Since the 1990's and the fall of the Soviet Union, the Roma movement has largely been dominated by the influence of Open Society Foundations. At a time when there was little investment in human rights programmes concerning Roma, George Soros's money was a pillar of the Roma movement. Its influence has arguably gone beyond investment, and has changed the environment in which we all operate – thus changing the focus of the Roma movement. For better or for worse, Open Society investment changed the movement from its focus on language, heritage, and culture in the 1970's to focussing on a human rights approach, money and poverty in the 1990's and beyond.

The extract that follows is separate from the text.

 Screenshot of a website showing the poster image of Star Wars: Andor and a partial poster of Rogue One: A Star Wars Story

It would be unfair to say that Open Society Foundations had hijacked the Roma movement. However, its injection of corporate money, neoliberal ethos, and self-sustainability targets (in cooperation with the World Bank) have had a huge influence on Governmental policies towards Roma and Romani civil society in particular. The agenda has shifted from one of preserving Romani culture to one which is essentially concerned with making Roma into taxpayers. The economic case for Roma inclusion is increasingly the script from which we are all being told to read - the idea being that this makes inclusion more palatable to Governments. The narrative for some time has been: How much larger would our economies be? How much higher would government revenue be, if Roma enjoyed the same labour market opportunities as the majority population? Of course, this has all happened over a period of decades in the post-Thatcher-Raegan years, when the neoliberal consensus has become the mainstream socio-economic logic for governments across Europe. Most governments in European states now see the free market as the best forum for expressing democratic society, and therefore the best way to exercise your role as a member of this society is through your choices as a consumer.
So where does the ERRC fit into this Roma movement?

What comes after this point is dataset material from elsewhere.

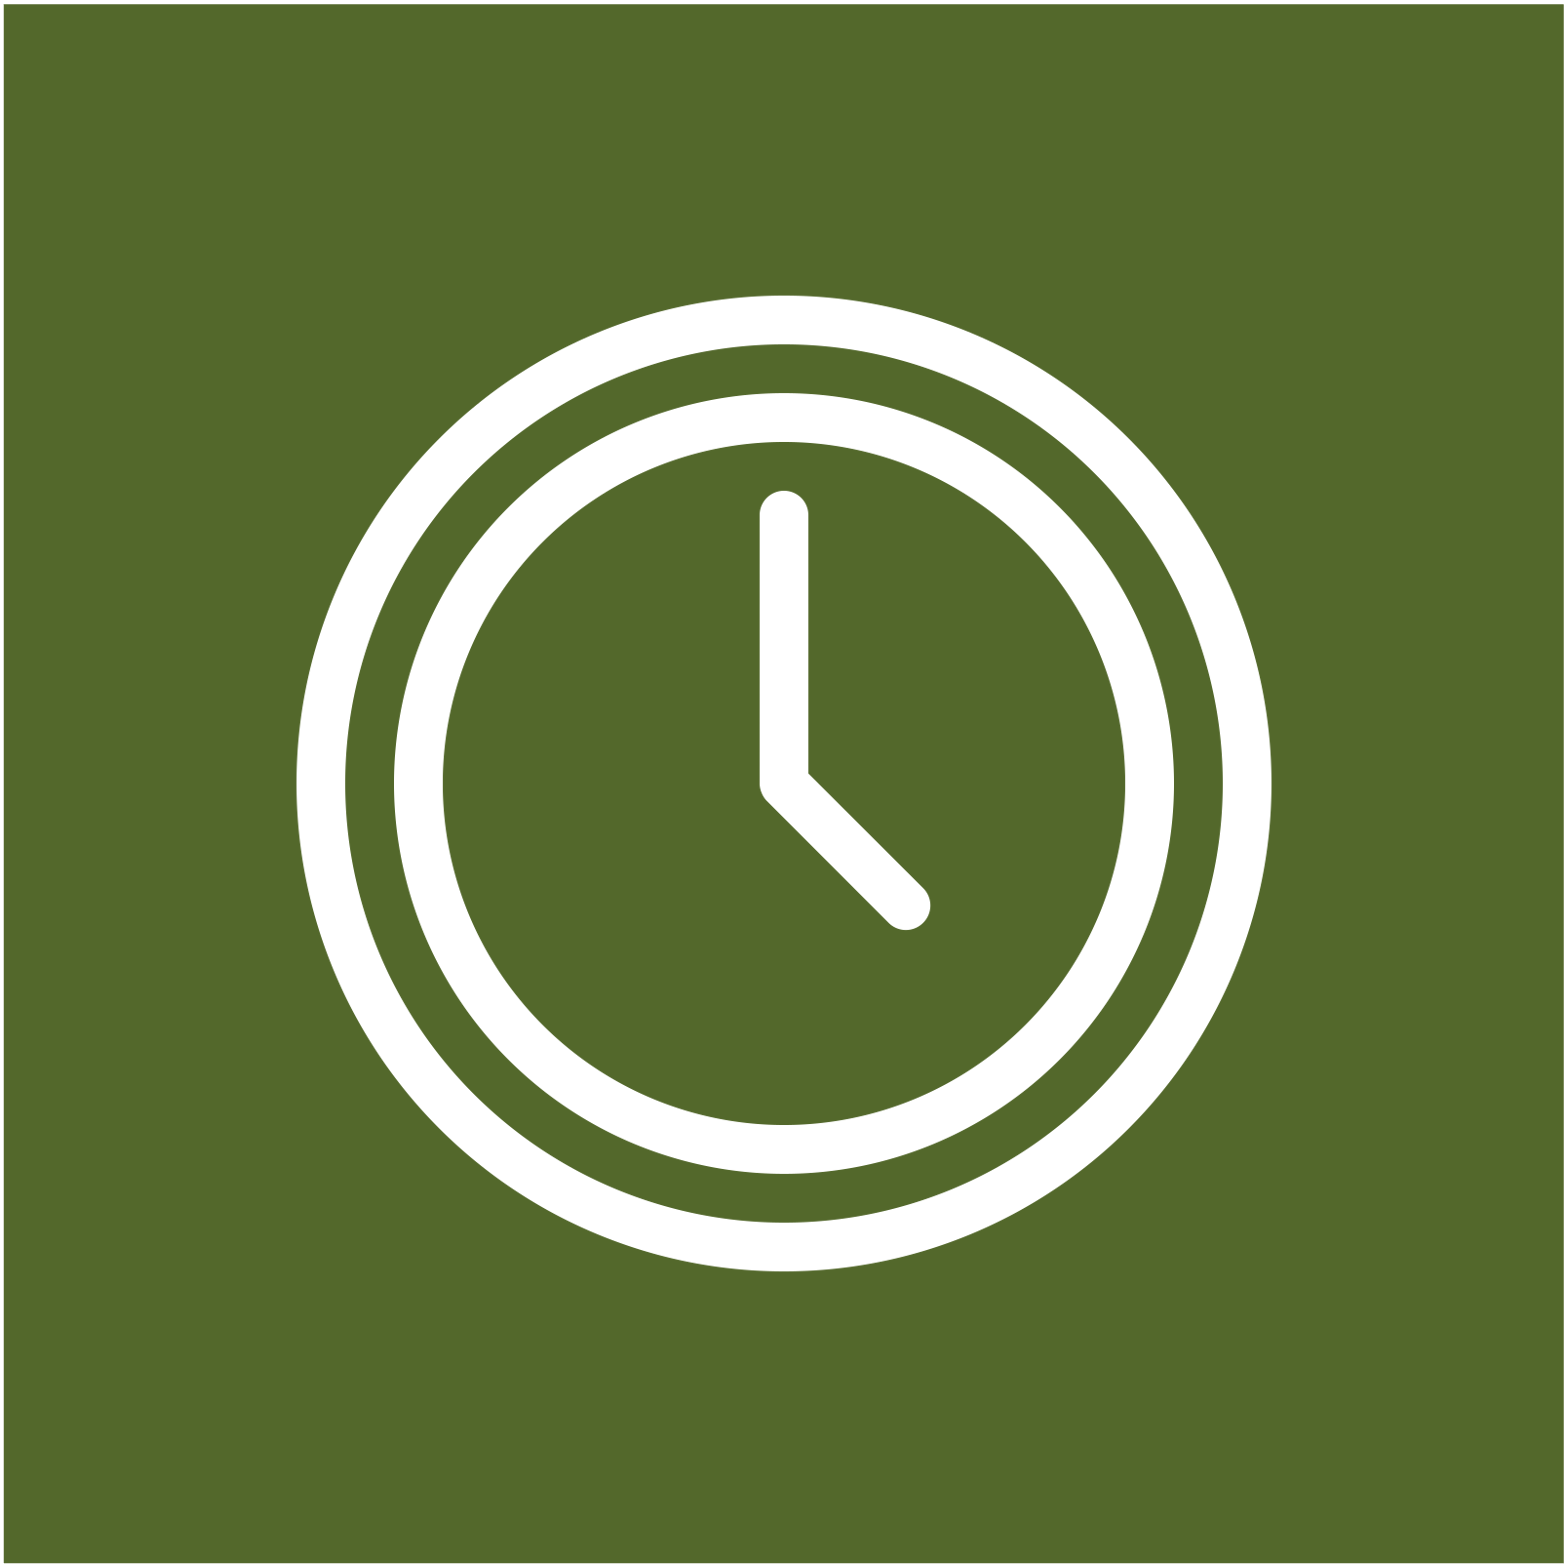 UOB - Flexible working hours icon.png

The ERRC has a somewhat unique mission within the movement – one based on a human rights approach and the power of legal systems as a tool for change. It is not just part of the Roma movement, but of the human rights movement as well. Yes, there are Roma who are members of other movements, other struggles for justice, as well as a large number of Romani individuals who do not necessarily want to become activists. Most want to just get on with their lives, migrate where is beneficial for them, access public services, go to work, go to school, and generally not be bothered. It is these people that the ERRC are concerned with fighting for. The fight to live a normal life, free from discrimination.

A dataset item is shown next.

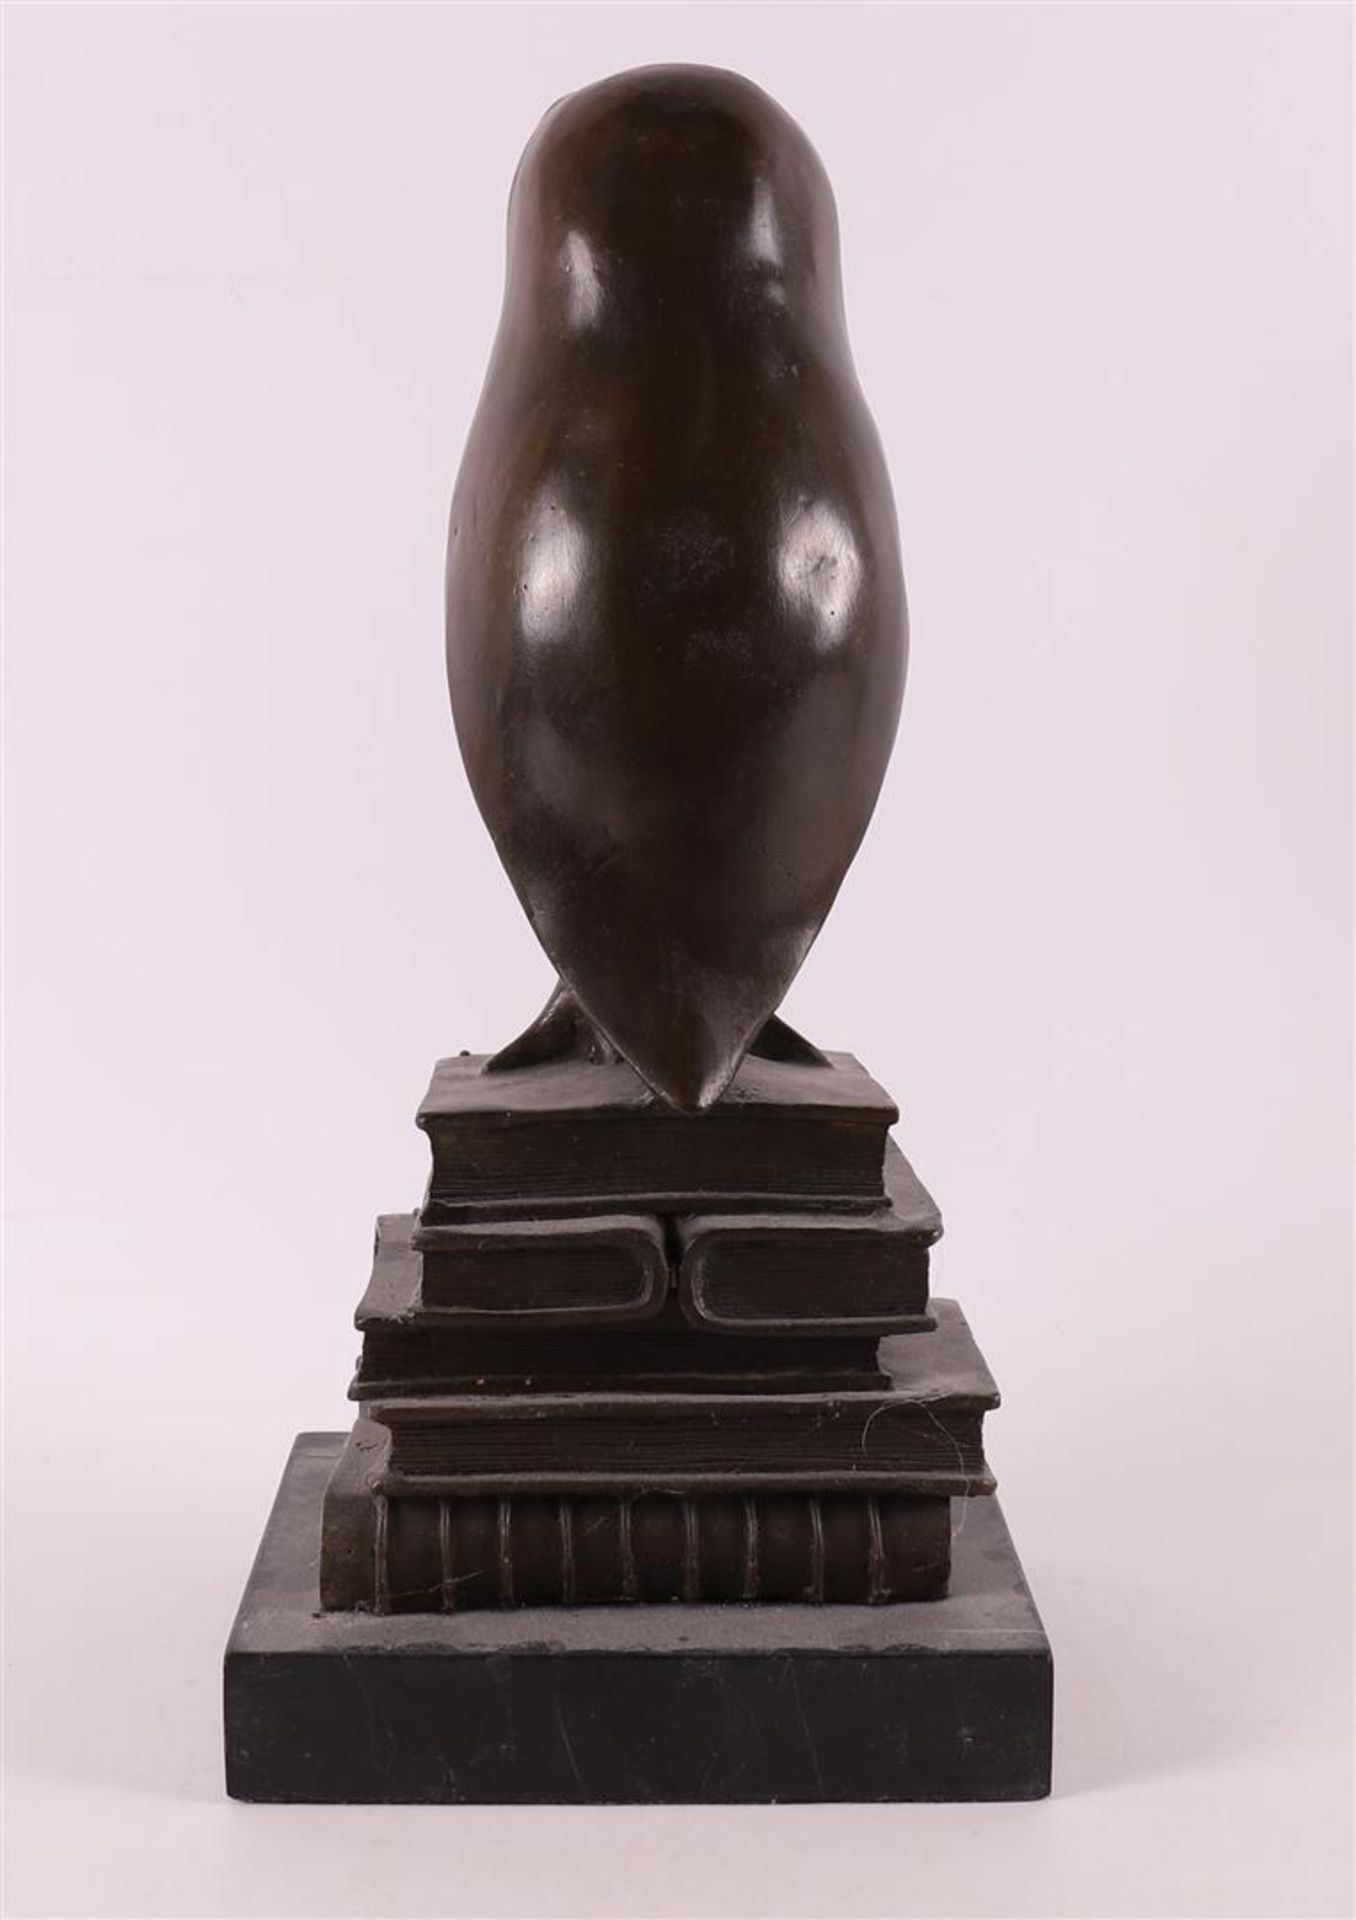 A brown patinated bronze owl sitting on books, Art Deco style. - Image 2 of 5

This approach is based on human rights and equality, and underpins all of the work we do. We want Roma to be given nothing more and nothing less than equal treatment, free from discrimination, in the countries where they live, the same as their non-Roma compatriots. Freedom of choice and expression goes hand in hand with this very simple philosophy, ultimately it is for them to decide how they would like to live and what to do with their lives. It should not be anyone's job to tell Roma to integrate or not to integrate, least of all governments or civil society organisations. The freedom of normality, that is all we want.